Nico Nagelkerke in a highly cited Biometrika paper, provides a correction to the Cox and Snell R^{2} so that the maximum value is equal to 1. This correction is done by dividing R_{M} by its upper bound.

$$\begin{align}
R^2_\text{N} & = \frac{\left[1 - \left(\frac{L_0}{L_M}\right)^{2/n}\right]}{1 - L_0^{2/n}}
\end{align}$$

Nevertheless, the Cox and Snell and likelihood ratio R^{2}s show greater agreement with each other than either does with the adjusted Nagelkerke R^{2}. Of course, this might not be the case for values exceeding 0.75 as the Cox and Snell index is capped at this value.
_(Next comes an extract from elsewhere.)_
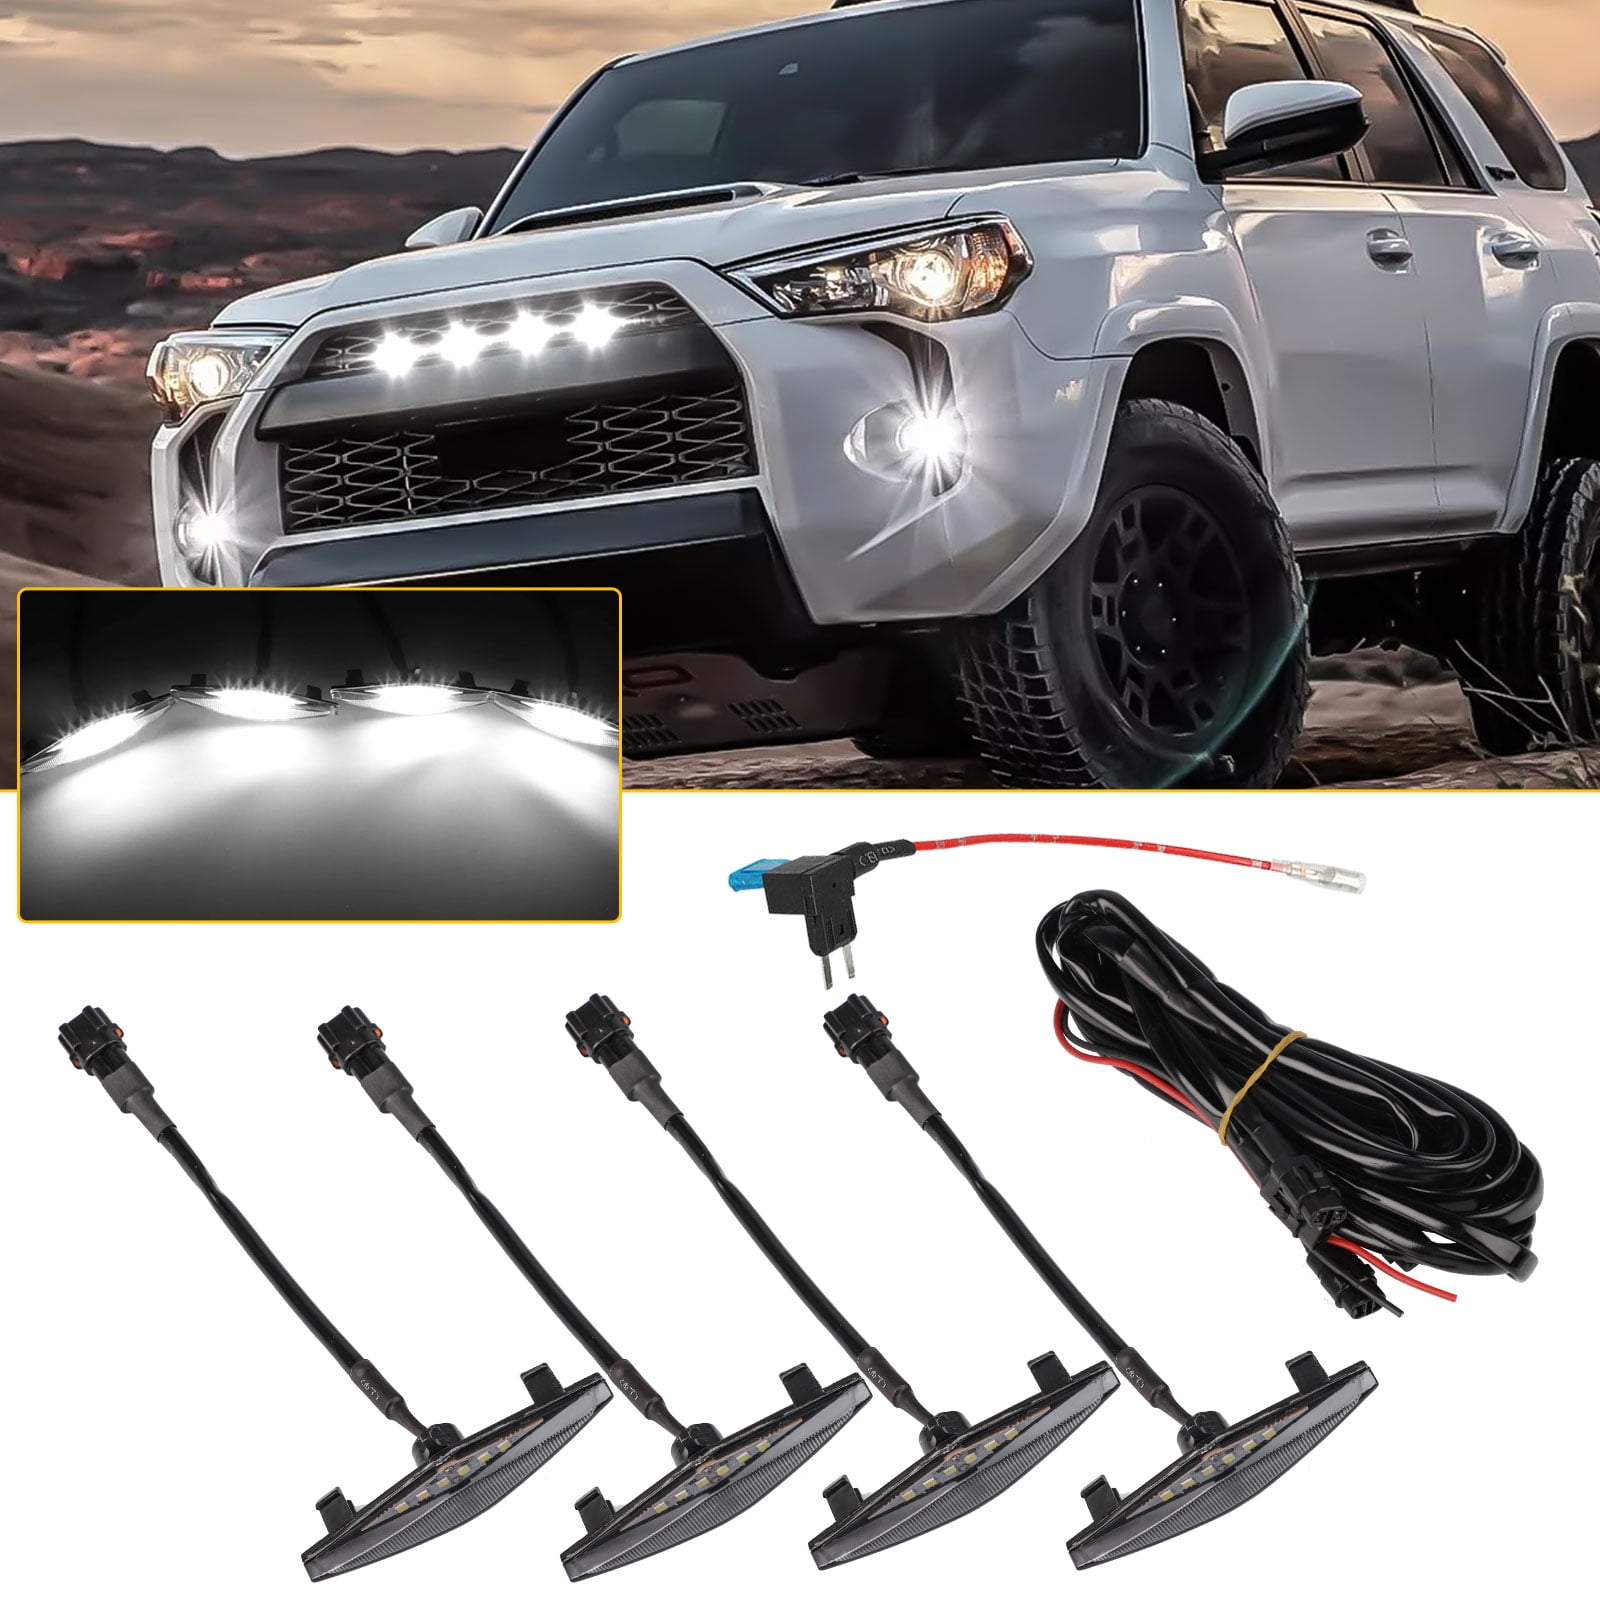 Amber Lights Trd Pro Grill Compatible with 4runner Trd Pro 2014 2015 2016 2017 2018 2019 Replacement Black Grille with Letters 4 White LED Lights Matte Black

The likelihood ratio R^{2} is often preferred to the alternatives as it is most analogous to R^{2} in linear regression, is independent of the base rate (both Cox and Snell and Nagelkerke R^{2}s increase as the proportion of cases increase from 0 to 0.5) and varies between 0 and 1.

== R^{2}_{T} by Tjur==

Tjur proposed an alternative measure of R^{2}_{T}, which is in two steps:
1. For each level of the dependent variable, find the mean of the predicted probabilities of an event.
2. Take the absolute value of the difference between these means

This quantity is not an $R^2$ per se, however Tjur shows how it is related to usual $R^2$ metrics.

== Example ==

This displays R output from calculating pseudo-r-squared values using the "pscl" package by Simon Jackman. The pseudo-R-squared calculated using the formule named for McFadden is labelled “McFadden”. Next to this, the pseudo-r-squared by Cox and Snell is labelled “r2ML” and this type of pseudo-R-squared By Cox and Snell is sometimes simply called “ML”. The last value listed, labelled “r2CU” is the pseudo-r-squared by Nagelkerke and is the same as the pseudo-r-squared by Cragg and Uhler.

== Interpretation ==

A word of caution is in order when interpreting pseudo-R^{2} statistics. The reason these indices of fit are referred to as pseudo R^{2} is that they do not represent the proportionate reduction in error as the R^{2} in linear regression does. Linear regression assumes homoscedasticity, that the error variance is the same for all values of the criterion. Logistic regression will always be heteroscedastic – the error variances differ for each value of the predicted score. For each value of the predicted score there would be a different value of the proportionate reduction in error. Therefore, it is inappropriate to think of R^{2} as a proportionate reduction in error in a universal sense in logistic regression.